Your task is to give the listing below back word for word, pictures excluded.
===== Given data
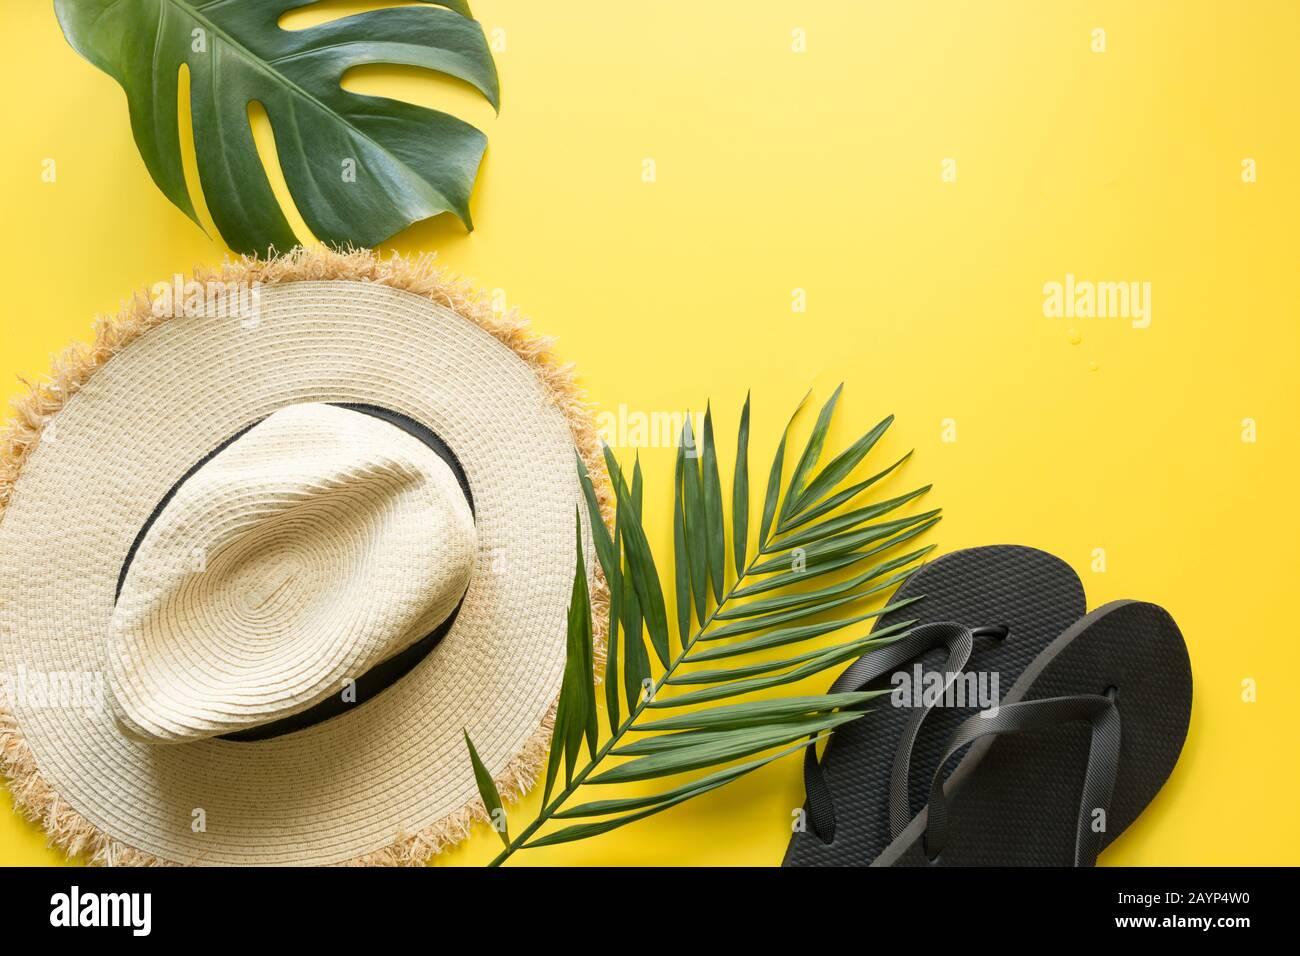 Sombrero de paja de playa, chanclas y hojas de monstera. Fondo de vacaciones de verano con accesorios en amarillo. Vista desde arriba, plano. Espacio para texto. Foto de stock
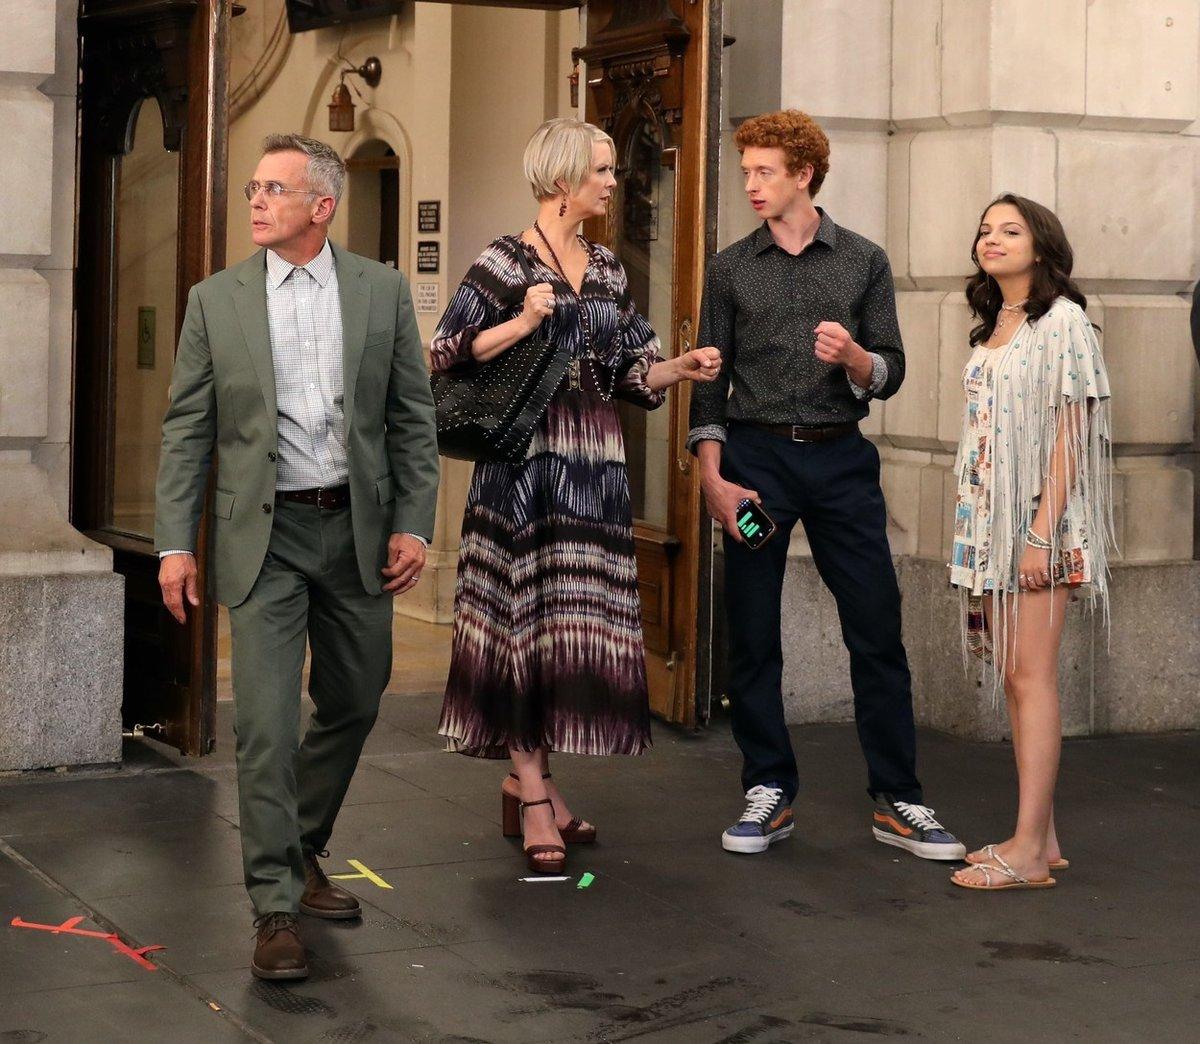 V rolích Bradyho Hobbese a jeho přítelkyně Luisy Torres se představí Naill Cunningham a Cree Cicchino
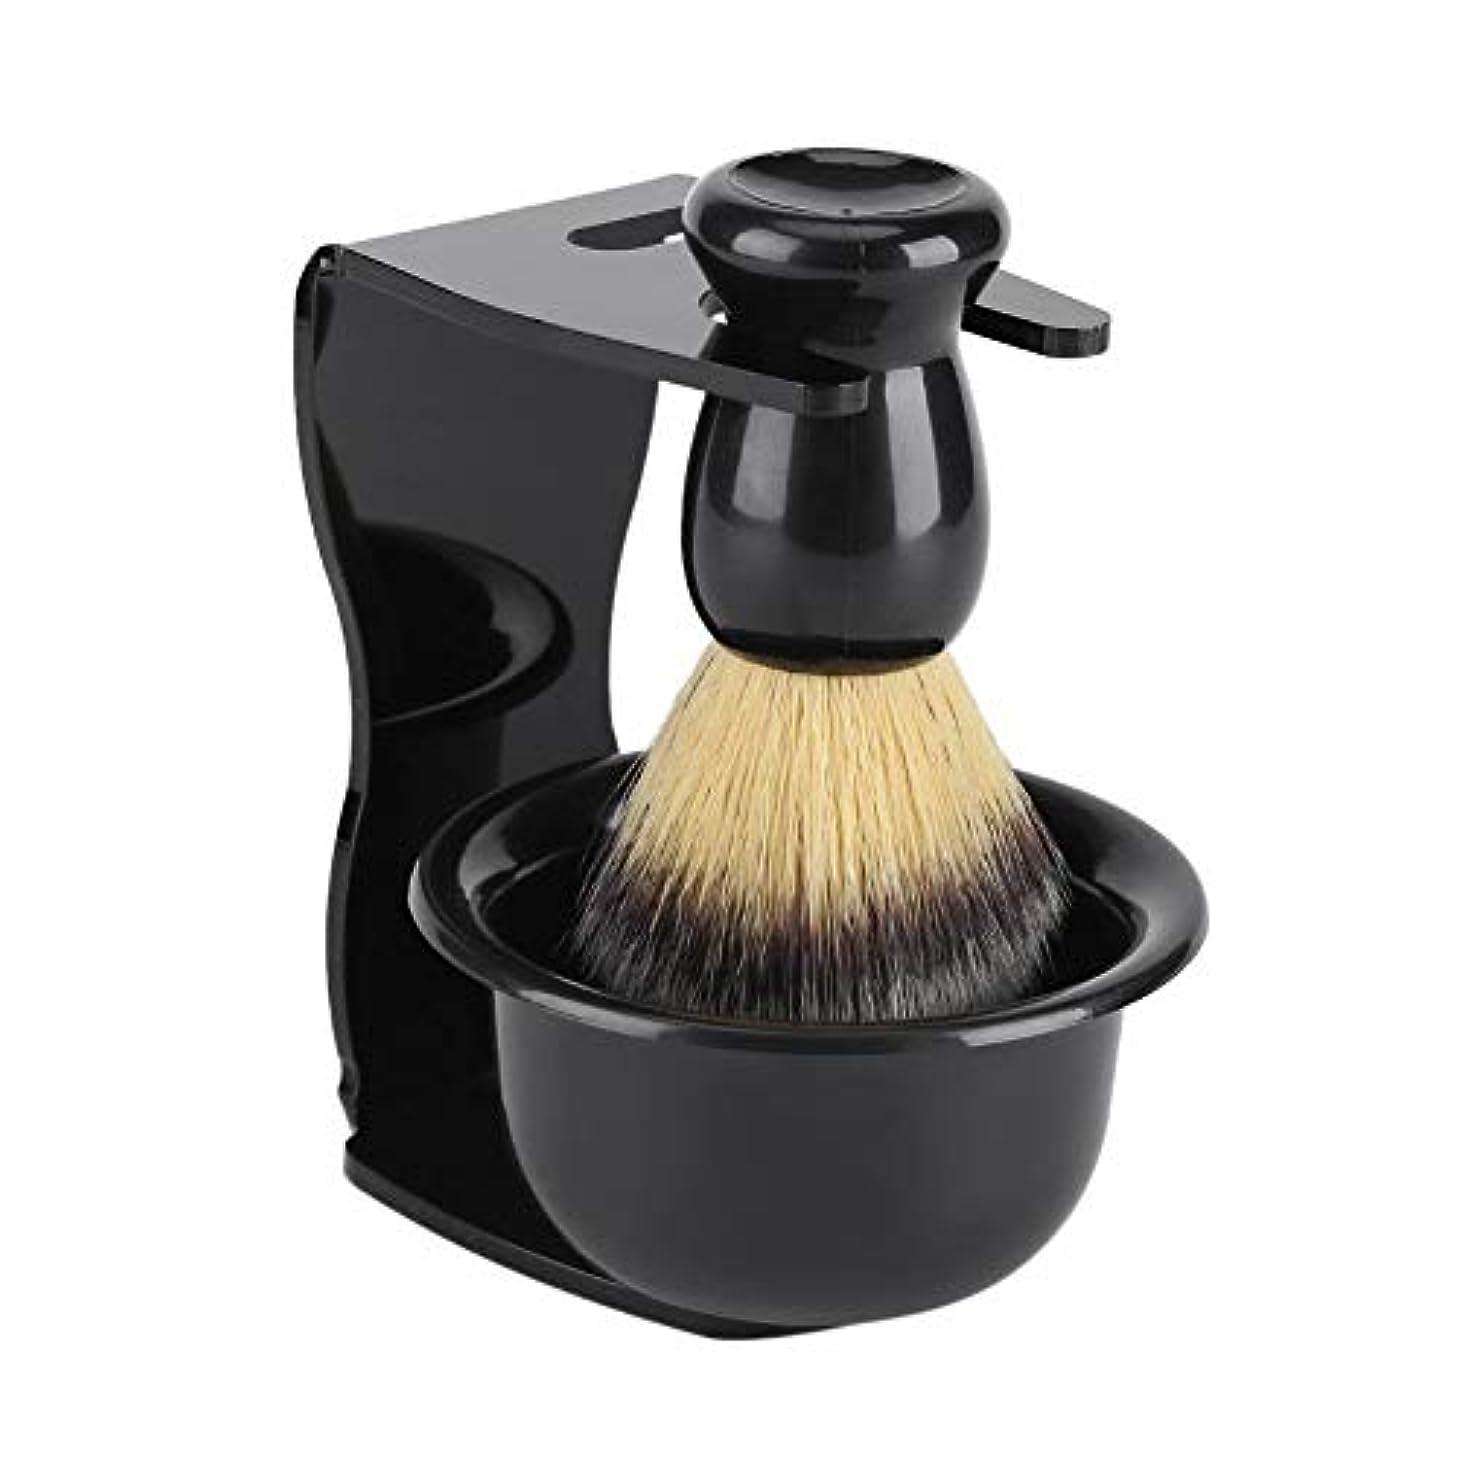 ポットヘッジオーロック3セットひげブラシ シェービングブラシ プレゼントシェービングブラシセット プラシスタンド 石鹸ボウル 理容 洗顔 髭剃り
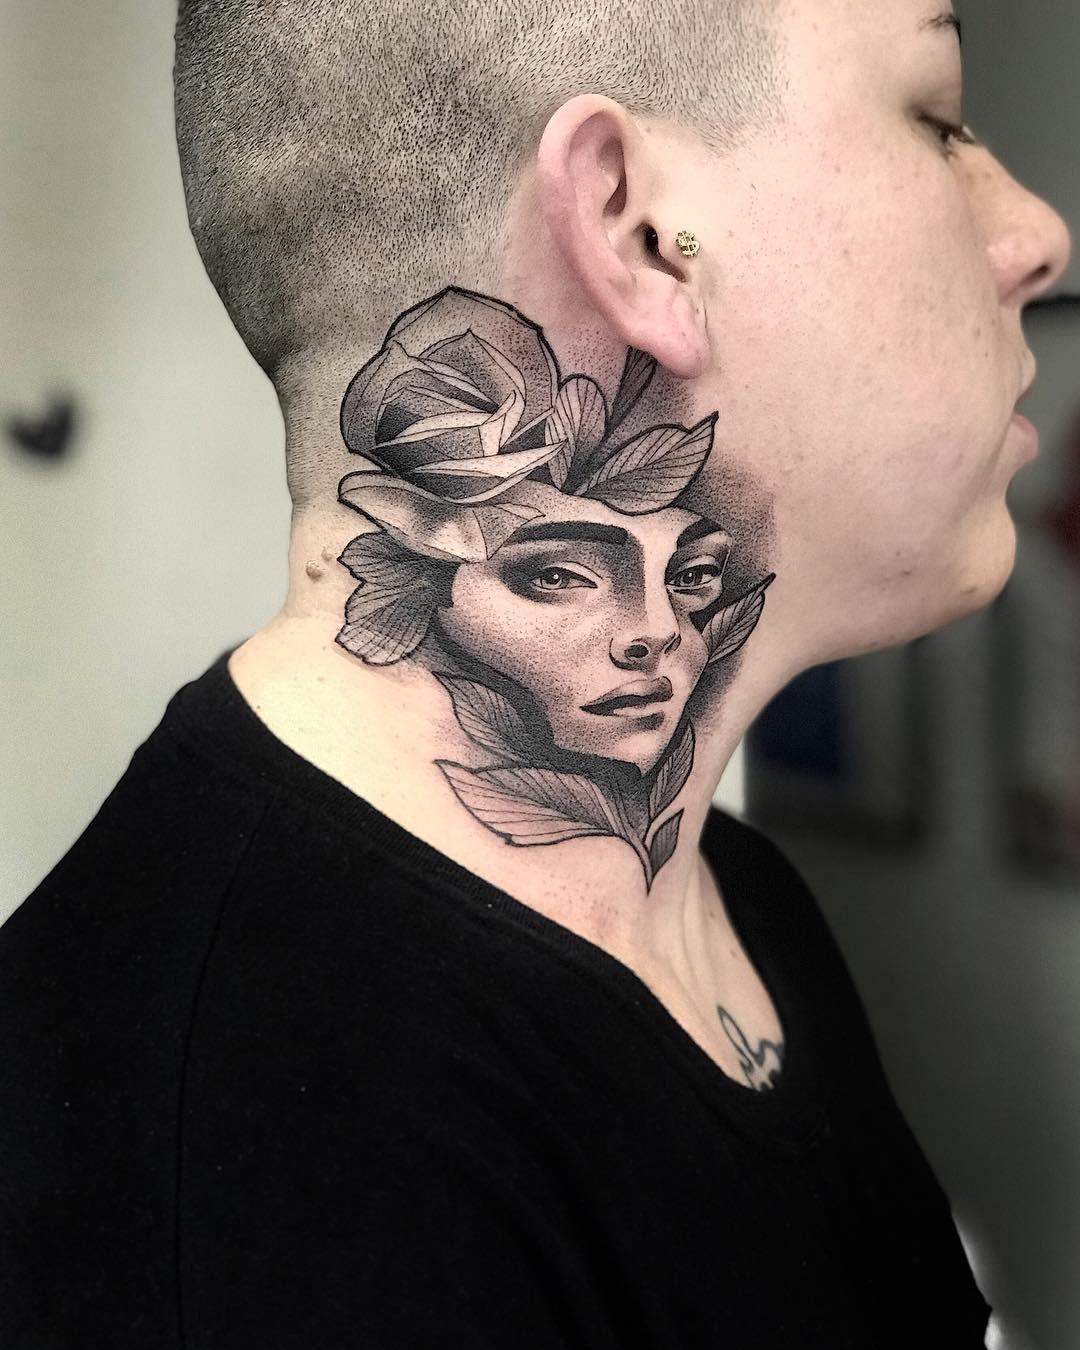 Tatuagem No Pescoco Qual O Significado Blog Tattoo2me Guilherme sempre gostou de música. tatuagem no pescoco qual o significado
==========
**Exercise solution:**
 Sombrero de paja de playa, chanclas y hojas de monstera. Fondo de vacaciones de verano con accesorios en amarillo. Vista desde arriba, plano. Espacio para texto. Foto de stock
 V rolích Bradyho Hobbese a jeho přítelkyně Luisy Torres se představí Naill Cunningham a Cree Cicchino
 ポットヘッジオーロック3セットひげブラシ シェービングブラシ プレゼントシェービングブラシセット プラシスタンド 石鹸ボウル 理容 洗顔 髭剃り
 Tatuagem No Pescoco Qual O Significado Blog Tattoo2me Guilherme sempre gostou de música. tatuagem no pescoco qual o significado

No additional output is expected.